Five dancers in a line on the right facing five musicians to the left; several bells hang at various lengths above the dancers while subtle smoke and lights begin to warm the McGuire Theater at the Walker Art Center. I like the lines, the minimalism. I like the small cast, the parity, the program notes that promise “feverish urgency” and “the inverted.” A teenage female mystic poet. I might like this show more than any other Ragamala Dance performance I’ve ever seen over the past 20 years.
Song of the Jasmine – a collaboration between Minneapolis’s Ragamala Dance and New York-based jazz saxophonist/composer Rudresh Mahanthappa – cites the writings of 8th century Tamil mystic poet Andal as inspiration. Legend has it that Andal was a sort of foster child, found and raised from birth by Vishnuchitta, a Krishna-focused poet. Brought up with these poems, songs, devotional texts, it’s only natural that the girl would refuse to marry any mortal. Instead, she had a spiritual marriage with a deity of the lord Vishsnu and was consumed into light. Her Nachiyar Tirumozhi, the composition guiding Song of the Jasmine, was Andal’s second and final work, regarded as sacred text on par with the Sanskrit Vedas.
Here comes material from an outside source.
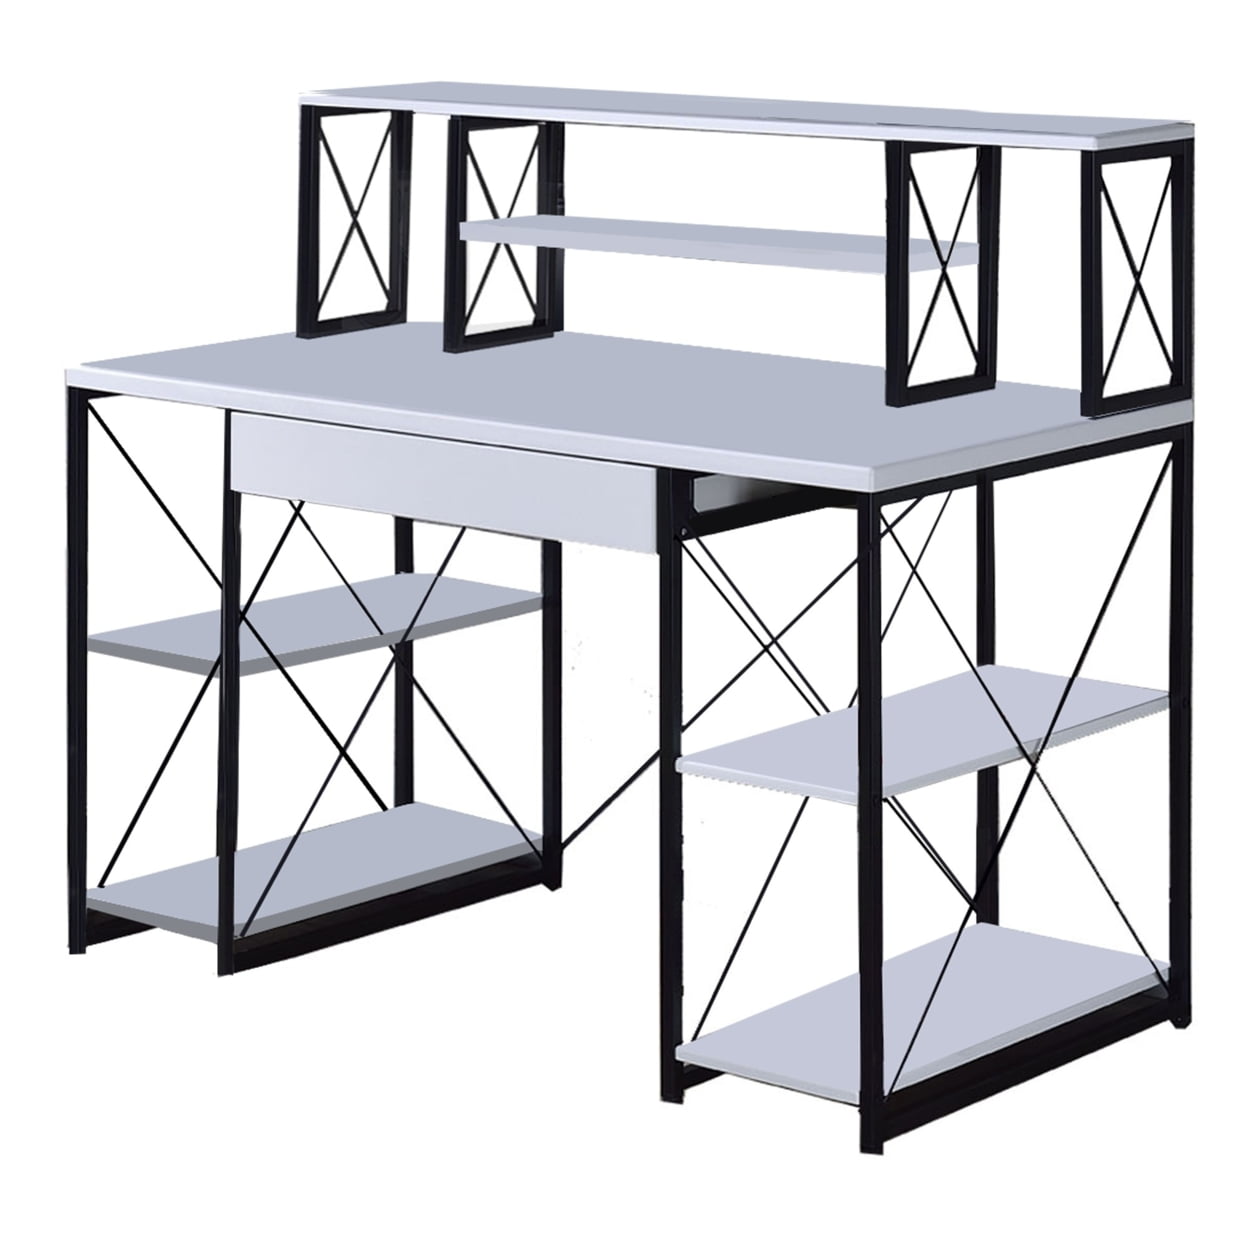 Bm209614 Industrial Style Desk With 4 Open Selves & Bookcase Hutch - White - 41 X 24 X 47 In.

She was only fifteen.
One stunning scene has the three beautiful Ramaswamy women in an extended trio that, in variations, seems to tell the story of a girl longing with all her heart to be united with her Loved One, the Divine: He makes her heart beat; He’s like a bee finding nectar in her flowering youth; there is no aroma to compare to that of the Divine; love has invaded her veins. I think there are snakes, too. And there is compelling floor work, drawing in the sand, writing it all down. I saw Ranee “loosening the braids of reason” and Aparna dancing the line “my vow to him courses through my body.” Then, it turns sad, there are tears of unrequited love: “while I pine and sigh for his love, He looks on indifferent.” Teen angst.
But Andal keeps her eye on the prize. Hindu religious aspirations are intense and they do not shy away from seeing their God as Friend, Mother, Child, Self or in this case Lover. Writer Priya Sarrukai Chabbria says in The Autobiography of a Goddess “Andal sings of her individual need for spiritual and sexual congress with her chosen god and of an abundant female desire explicitly sited in the body which, too, is holy.”
The performance had the traditional Bharatanatyam costuming (jewel-colored pleated fabric, bells, red painted hands and toes), and postures (bent knees, arched lower back, slight smile, expressive roving eyes) as well as the percussive marching backwards, articulate mime, and what I like to call “Indian waltzing” in ¾ time. But Ragamala is committed to dynamically weaving their classical South Indian dance form into their American existence. And so much more. I saw some interesting extensions into contemporary movement that includes supple arms and backs and a softness that took Aparna to the floor and somehow back up again like no one else but Hijack’s Arwen Wilder can do. Whoa.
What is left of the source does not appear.